あれはもはや武器とは最早もはや言えない代物だ。

「あっ、あの股に仕込んだ銃のこと?」

「違うっす!」

「いや~悪り~悪り~、ついな、あーいう大砲みたいなやつ付けたくなんだよ」

ドラロンの左頬を一陣の衝撃波が吹き抜ける。衝撃波は無造作に置かれている盾に

ぶつかり跳ね返り壁を破壊し工房横にある崖にぶち当たると

ガガガガという音を立てながら

直径10メートル深さにして20メートルほどを掘削した。

「あっ・・・ごめんなさい、だべ」

ドラゴンスナイパーを手に持ったクワーマンがドラロンにぺこり~。

「なんだ、何者なんだ、こいつぁ」

背後にできたクレータを見た後、

信じられないといった表情でクワーマンを見るドラロン。

「このホビット、面白いだろ~」

「おら、クワーマンです。好きな飲み物はりんごと蜂蜜とろ~り入った麦茶です」

「驚いた・・・そして俺は今猛烈に感動している」

「このホビットはすごい肺活量の持ち主でね」

「そうっす、DG1を破壊したのは彼っす」

ポコチン銃を咥えて壊したことは黙っておくことにしよう。

「ドラゴンスナイパーの使い手が現れるとはな。あの威力…見たかよ。

やっぱり俺は魔族の名工だよな。

よし、クワーマン、そいつぁ~今日からお前のものだ。

お礼?よしてくれぃ。武器が人を選ぶ瞬間に立ち会えただけで十分だ。

今夜は美味い酒が飲めそうだ。

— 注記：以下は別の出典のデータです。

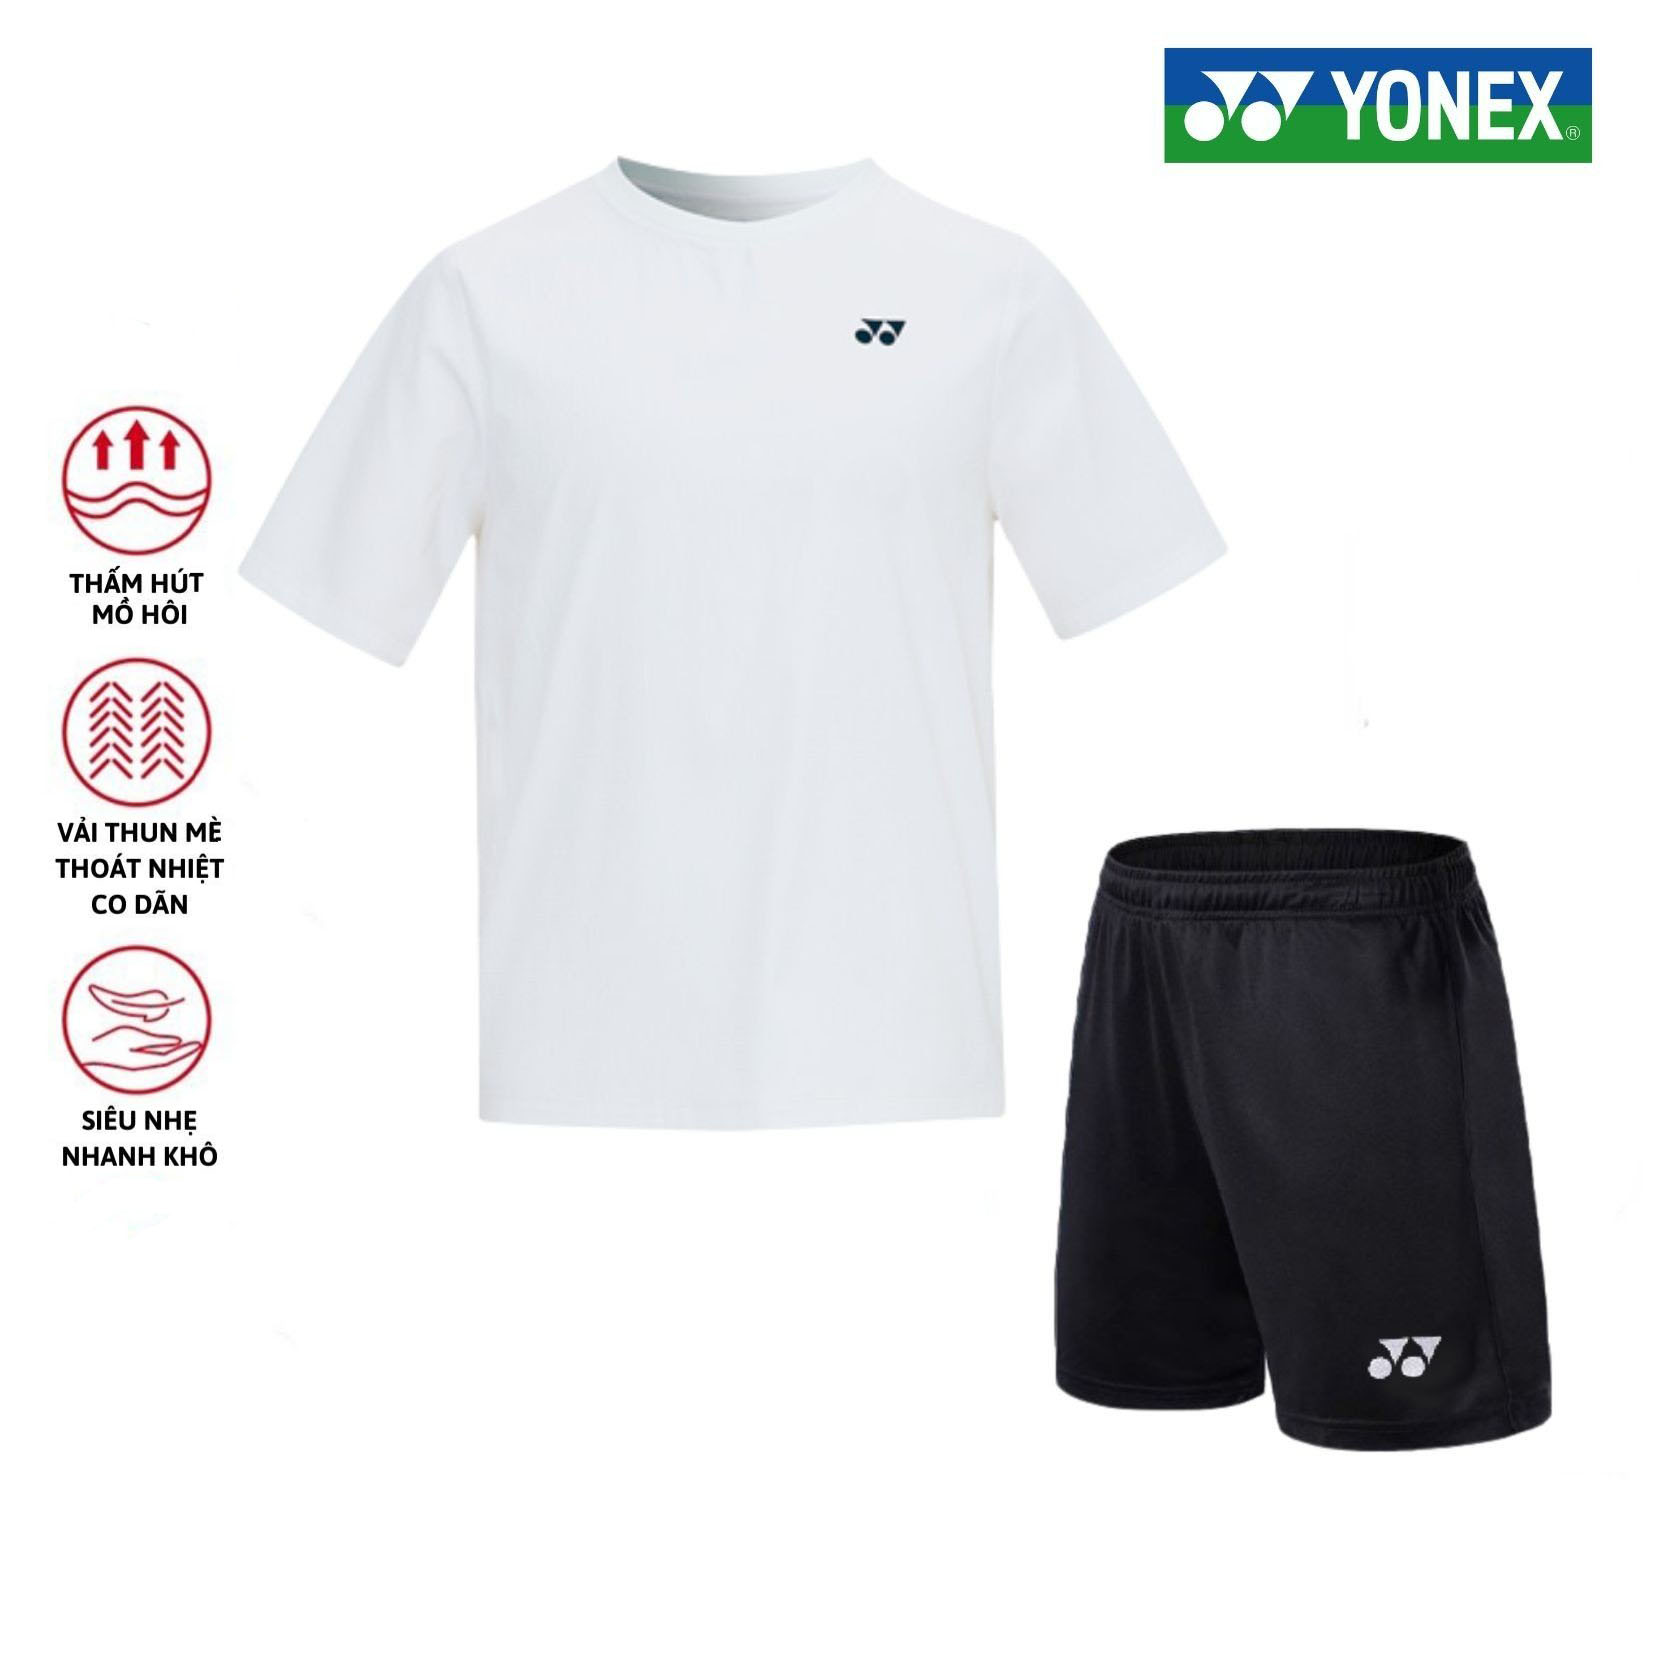 Áo cầu lông, quần cầu lông Yonex chuyên nghiệp mới nhất sử dụng tập luyện và thi đấu cầu lông T2
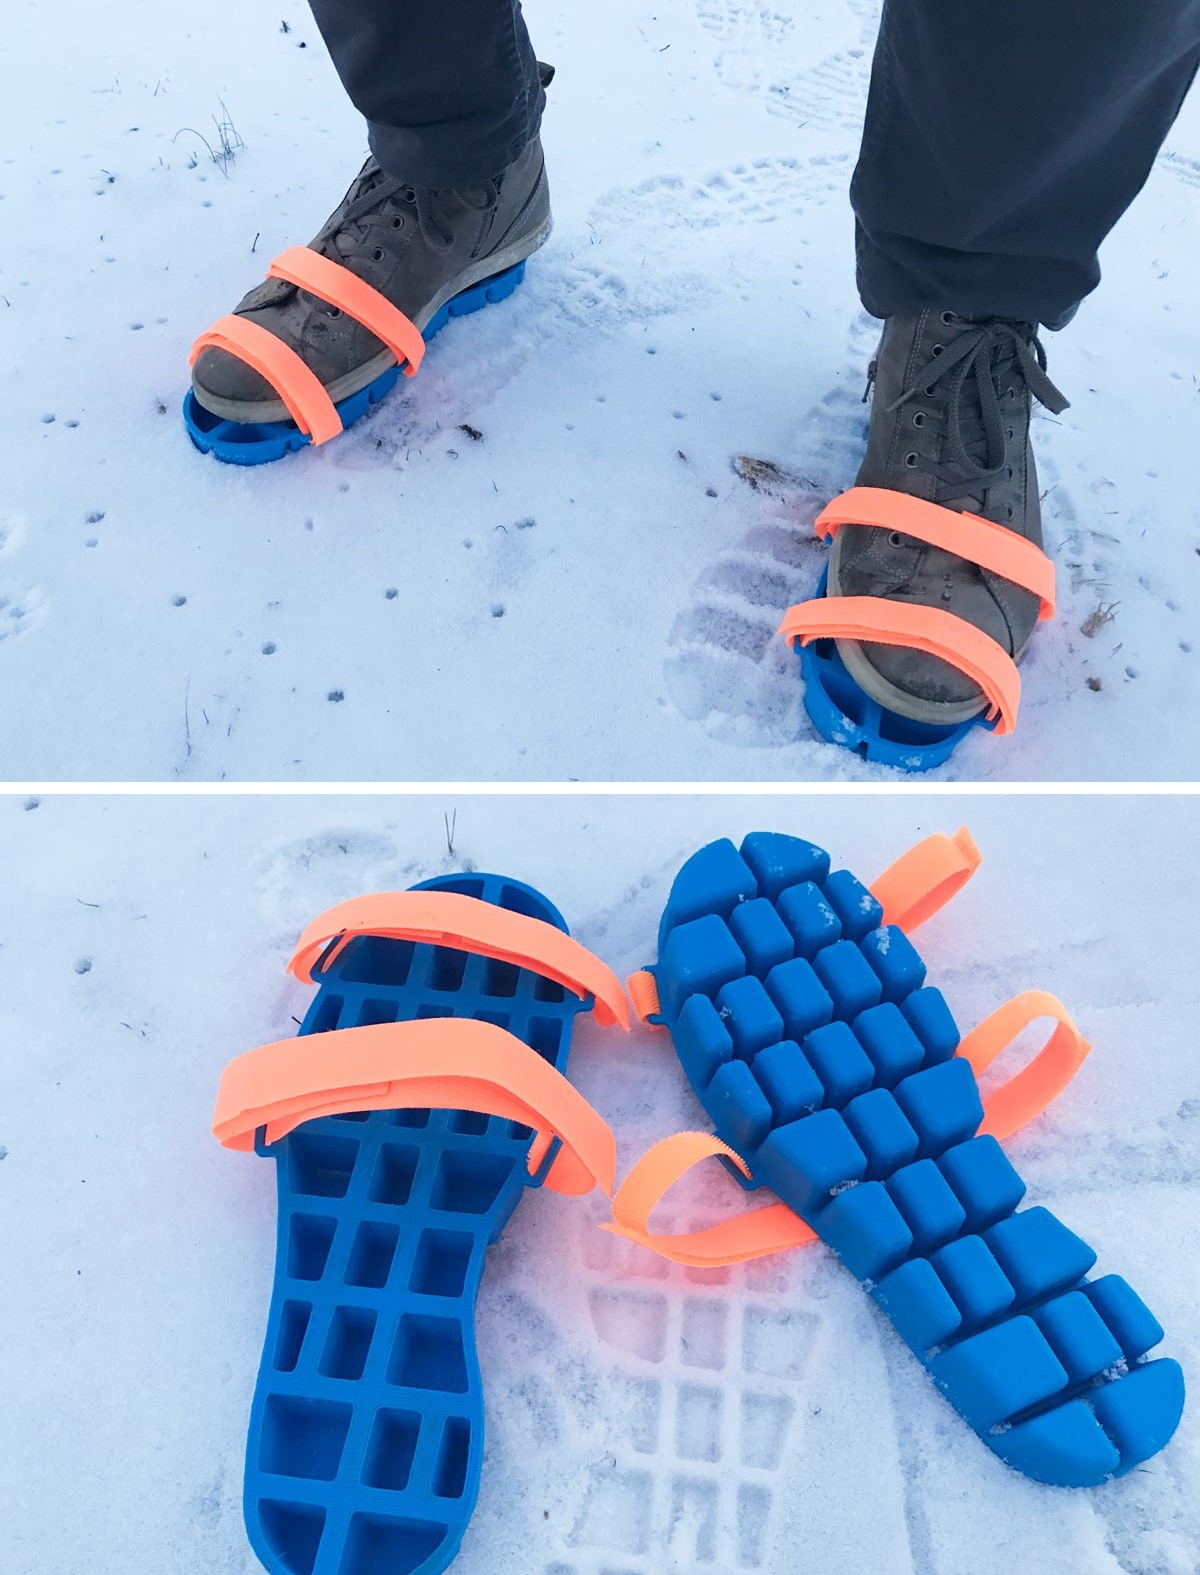 حذاء للسير على الثلج، بالإضافة لكونه معداً كي يُستخدم كقالب ثلج. صورة: Dominic Wilcox

ガンガン、今晩は酒を用意しておいてくれ!

それから、あの店のチャーハンもな」

「はい、マスター」

88がドラロンの耳元で

「ドラゴンスナイパーをラッパという楽器に改造してくれない」

「真の使い手が現れたこの喜びの瞬間に楽器に改造しろってか」

「そう、楽器。ラッパってやつに改造してよ」

「さっき見たろ。ドラゴンスナイパーの芸術的な破壊力を」

「私は何も感じなかったよ」

「メルト、お前が別格過ぎるんだよ!俺が作ったドラゴンスナイパーを楽器?」

「改造する材料が足りないのなら・・・」

88が左手の手袋を外す。手の甲に数字の8がチラッと見えた。

「この辺の鎧や盾を数個、8式でぶっ壊すから材料にすればいいよ」

「やめろ!8式はやめろ!工房が吹っ飛ぶからやめろって!」

この日、ドラゴンスナイパーは200年の時を経て真の使い手とめぐり会えたが

その日のうちにラッパに生まれ変わり、武器としての生涯を閉じた。

「閉じさせねぇよ。俺は魔族の名工。武器の機能はこっそりと残してるぜぇ!」

後日、クワーマンがドラゴンスナイパーで作った横穴は倉庫として活用された。